Tuesday, December 4, 2018

12042018 - News Article - Snyder says undercover recordings fail to show bribery conspiracy






Snyder says undercover recordings fail to show bribery conspiracy
Chicago Tribune
December 04, 2018
https://www.chicagotribune.com/suburbs/post-tribune/news/ct-ptb-snyder-proffer-response-st-1205-story.html


Attorneys for indicted Portage Mayor James Snyder say a series of undercover recordings fail to show a conspiracy to allegedly solicit bribes, but only showed “private puffery” on the part of a tow operator.

Defense attorney Jackie Bennett Jr. on Monday said that the undercover recordings do not prove that a conspiracy existed and a judge should bar them from being used during Snyder’s upcoming corruption trial.
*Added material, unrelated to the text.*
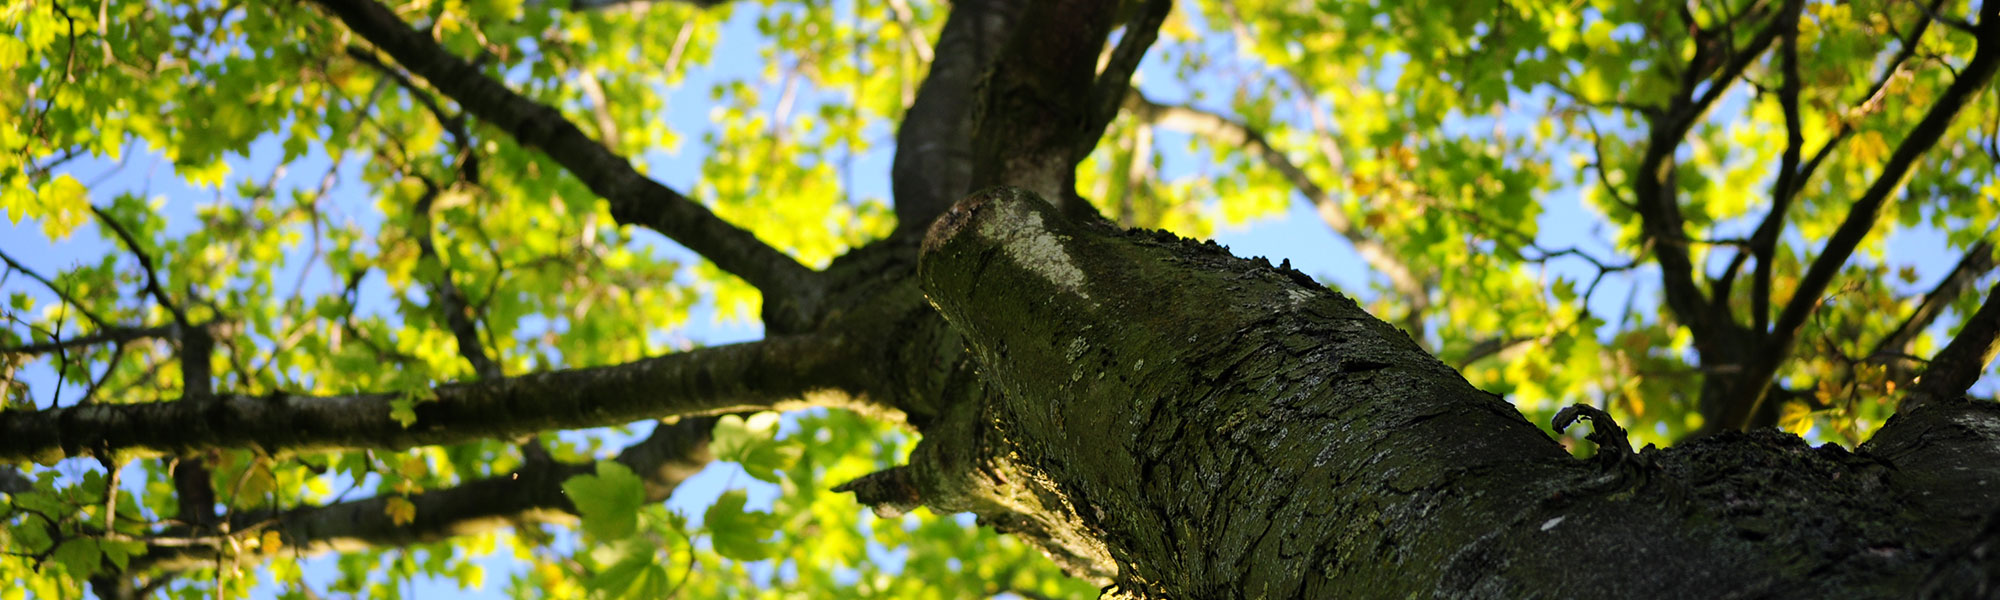 tree identification course online free

Federal prosecutors have asked the judge to allow them to use the undercover recordings against Snyder during trial to show that the mayor was involved in a conspiracy with tow operators.

“There is no evidence he was a conspirator,” Bennett said, in court filings. “There is no evidence he induced, participated in, or even knew of the hearsay conversation the government seeks to admit through its Santiago proffer.”
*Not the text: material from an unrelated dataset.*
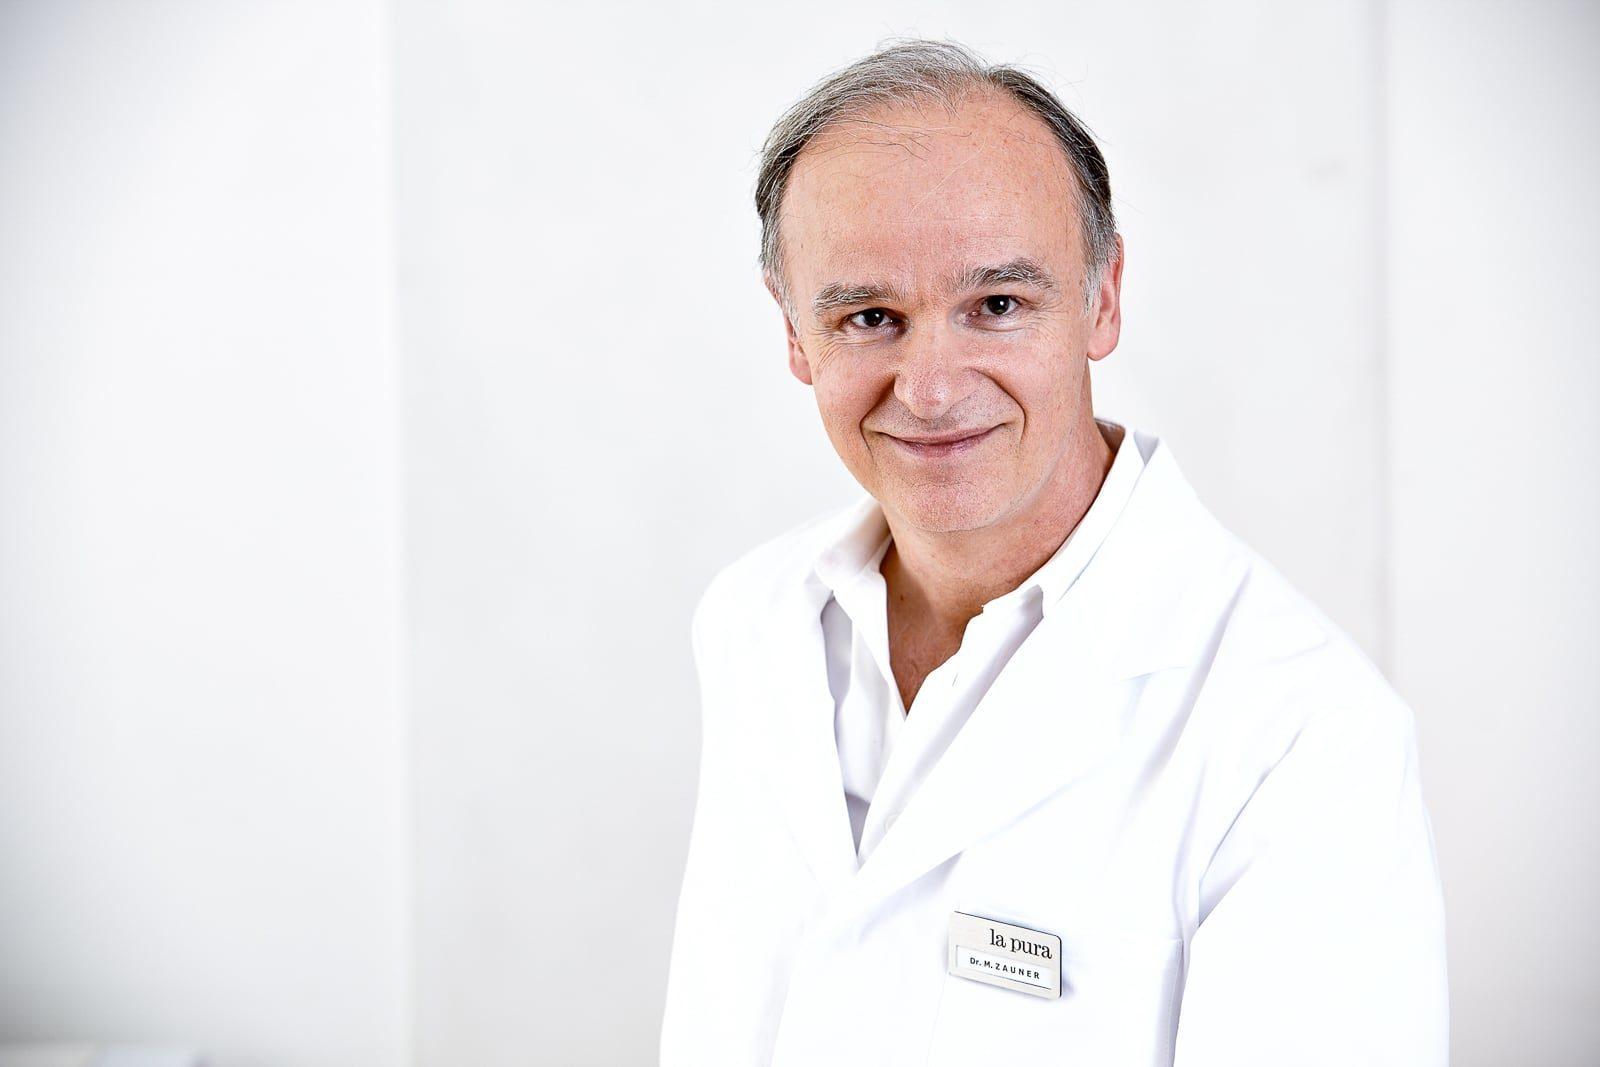 Portätbild Dr. Zauner

The Santiago proffer aims to demonstrate a conspiracy and looks to a judge to allow prosecutors to admit statements from other parties against a defendant.

A series of undercover recordings made by a tow operator cooperating with the FBI documented conversations with John Cortina, of Kustom Auto Body in Portage and the mayor’s co-defendant in the case; Snyder; and other officials.

Bennett said the recordings do not show that Snyder had any knowledge of a reported scheme to get towing business in Portage and it cannot be established that he was a party to any conspiracy.

In November, Assistant U.S. Attorney Philip Benson filed a document that relied on undercover recordings to show proof of an alleged conspiracy between the mayor and tow operators to solicit bribes in exchange for a spot on Portage’s tow list.

“The government’s evidence will establish that defendants Snyder and Cortina engaged in, or aided and abetted in, a conspiracy or joint venture, to commit bribery through the payment and receipt of funds disguised as campaign contributions to further the personal and political interests of the defendants,” Benson said, in court documents.

Benson said that in 2016, a confidential source, who operated a tow company, recorded conversations with Cortina where he was told to reportedly pay Snyder to get on the city’s towing list. Benson said that the source and Cortina allegedly each gave Snyder $6,000, in check form, to the Portage mayor’s campaign fund and “roundtable” committee, according to court documents.

During one recorded conversation, Cortina reportedly said that Snyder call the money “loans” but he called it “juice money.”

“…More than two years after indictment, the government cannot produce evidence showing Mr. Snyder made any quid pro quo arrangement with Mr. Cortina,” Bennett said. “Absent from the proffer is any evidence that Mr. Snyder knew anything about Mr. Cortina’s private puffery, all of which occurred outside Mr. Snyder’s presence.”

Bennett said the government’s proffer has shown in the conversations between Cortina and the confidential source that Snyder understood the payments were loans to his campaign committee.

“So even if Mr. Cortina, at CHS1’s surging, privately play acted the role of a 79-year-old gangster, yukking it up about ‘juice money,’ the government’s own proffer proves Mr. Snyder had no idea what they were talking about.”

Snyder and Cortina were charged in November 2016 with allegedly violating a federal bribery statue. Federal prosecutors said the mayor allegedly solicited money from Cortina and “Individual A” and gave them a towing contract for Portage.

Snyder allegedly accepted two checks, one for $10,000 and another for $2,000, from Cortina and “Individual A.”

Snyder received an additional bribery indictment for alleged accepting $13,000 in connection with a Board of Works contract.

Additional charges allege that Snyder obstructed internal revenue laws.

Snyder and Cortina both pleaded not guilty to the charges, according to court documents.